In this guide, I’m going to show you how to create a business proposal that wins new clients in a fraction of time.
Determine whether the leads meet your requirements
It’s easy to fall for the mistake of chasing each lead that comes your way as you aim to expand your business. But remember all prospects are not created equal.
And only after qualifying your potential lead, you’ll know whether it’s worth spending your time and energy on the process of proposal writing. But how do you do that?
Simple, by asking questions. Lead qualification is challenging but if you come up with customized questions, you can seek the right information from the client. Below are the 3 main areas you should focus on when asking the questions.
- How do they make buying decisions?
- How many people are involved in their decision-making process?
- How does their typical buying process look like?
- How long do they usually take to buy any particular service/product?
- What they need and what results they are expecting to get?
- How those results are going to affect their goals, their team, and their business?
- How much they score in your ideal client profile?
- What kind of business are they running?
- How large is their organization?
- Do they match your ideal client’s geographical location?
- Which tools/services have they used in the past to solve the problem they are currently facing?
Dress up your proposal
A messy and unattractive business proposal can be a real turn-off to your prospective clients.

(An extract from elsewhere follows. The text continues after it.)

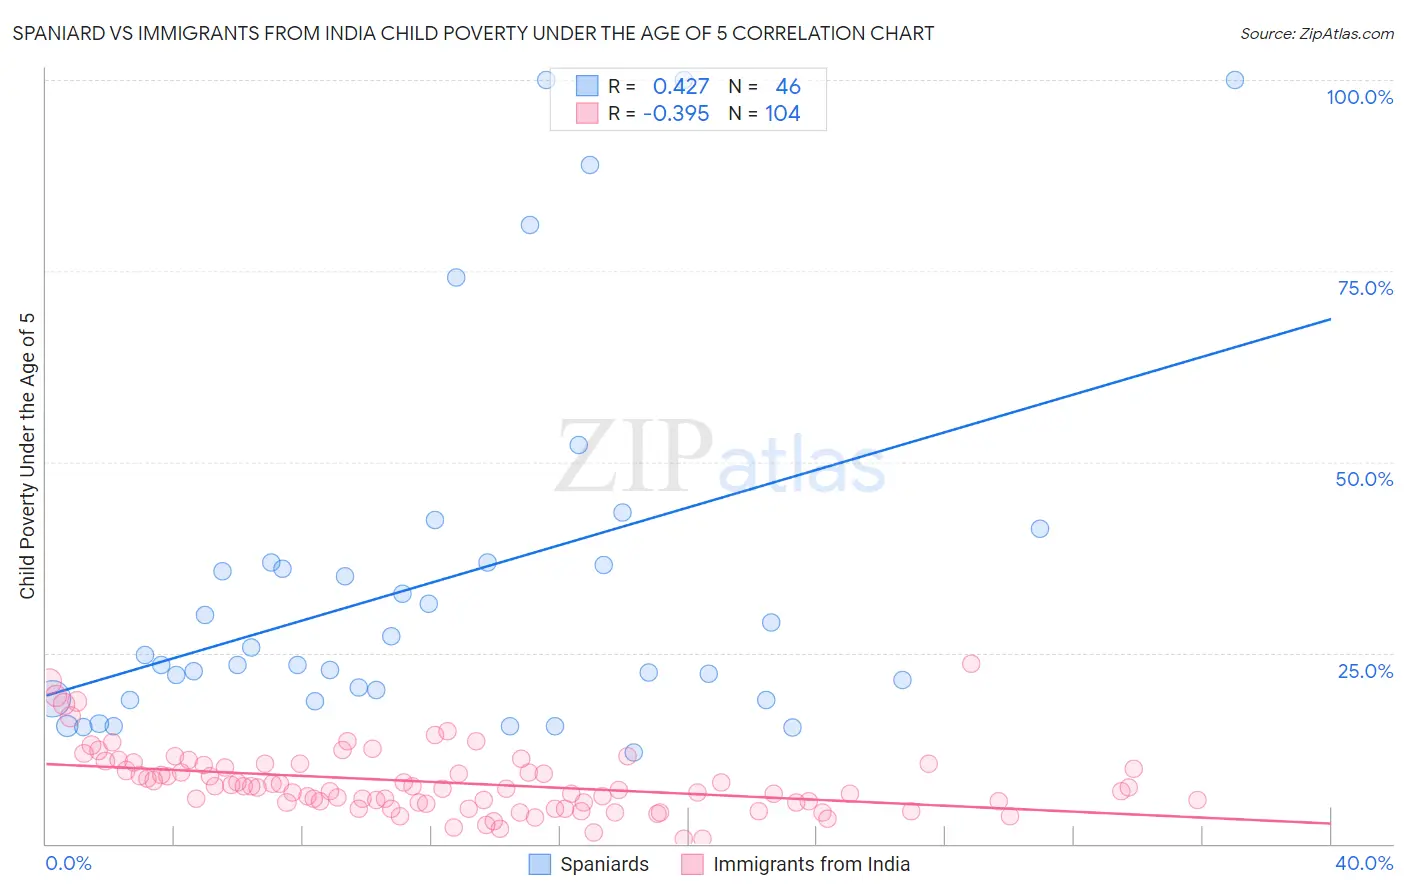 Spaniard vs Immigrants from India Child Poverty Under the Age of 5

It sends a message that you didn’t care enough to make your proposal look good. So, make sure you include the following elements in your business proposal,
Table of Contents
- It is sometimes overlooked but is still a major part of a proposal design.
- All business proposals must include a table of contents as it gives readers a route map to go directly to a particular section.
- Visuals such as maps, graphs, infographics, screenshots, and photos complement your business proposal to another level.
- You can also include the video testimonials of your other happy clients.
Essential ingredients of a winning business proposal
Even though the exact format of business proposals varies depending on the company and the project, the typical sections you should include in your proposal are these:
Cover image: You only get one chance to make a first impression and the cover page of your proposal is your only chance. A cover page of your business proposal should look neat and should be easy to read. Here’s a checklist for your cover page,
- Name of applying organization and logo
- Project title
- Contact Information (personal contact name, address, country, phone, email, website)
- Name of the client you are applying to
Business introduction letter: The cover letter in your business proposal sets the tone for the rest. The best practice of writing an impressive pitch is using your prospective client’s words to them. This means simply describe the problem they are facing. Your cover letter should include,
- Opening paragraph
- Reason for the pitch
- Showing you understand the problem
- Benefits of your solution
Outline of your solution: Giving too many details about the solution is the biggest mistake many new business owners make. The details should only be about the approach and not about the solution.
- The key here is to give a rough sketch of the method you will use for the execution.
- Include the list of the specific business services that are being offered.
- You should be ultra-careful about not going into detail.
Implementation Timeline: You must break down all the key steps and the timeline for your client in your business proposal template. Providing an accurate timeline with deliverables allows you to set the client’s expectations early. An ideal business proposal template‘s timeline section includes
- List of activities to perform
- The dates on which the activities should be completed (start and end time)
- Expected duration required for each task
Pricing table: Keep things short and to the point and use a pricing table with a range of options that let your prospect or customer edit the quantities, select the services that best fit their needs, and allow them to customize your solution.
- Standard package (includes all the services mentioned)
- Less expensive package (where a client can choose the services)
- Deluxe package (with extra services)
Why Work With Us: You can fill out this section with the expertise you have, the awards you won, the big list of your happy clients.
- Name, faces, and credentials of the people who will be working on the campaign
- Client benefits
Case Study/Testimonials: In this section, you can make your clients visualize themselves working with you by telling the past clients’ success stories (case studies) with similar issues.
- Project goal
Terms of Services: Keep the contract and your terms and conditions part of your business proposal template and get them signed together to avoid future conflict.
CTA: It is where you need to explain in-depth what you want your client to do next to get things rolling. You can include something like,
- Sign the proposal (digitally with e-signature)
- The initial amount to be payable while signing the contract
- Schedule the next meeting call to discuss further steps.
If you follow the tips and the format above, you won’t face any challenges and you’ll find yourself writing an ideal business proposal, the one that pulls together all the required information concisely and helps the prospect to make an informed buying decision.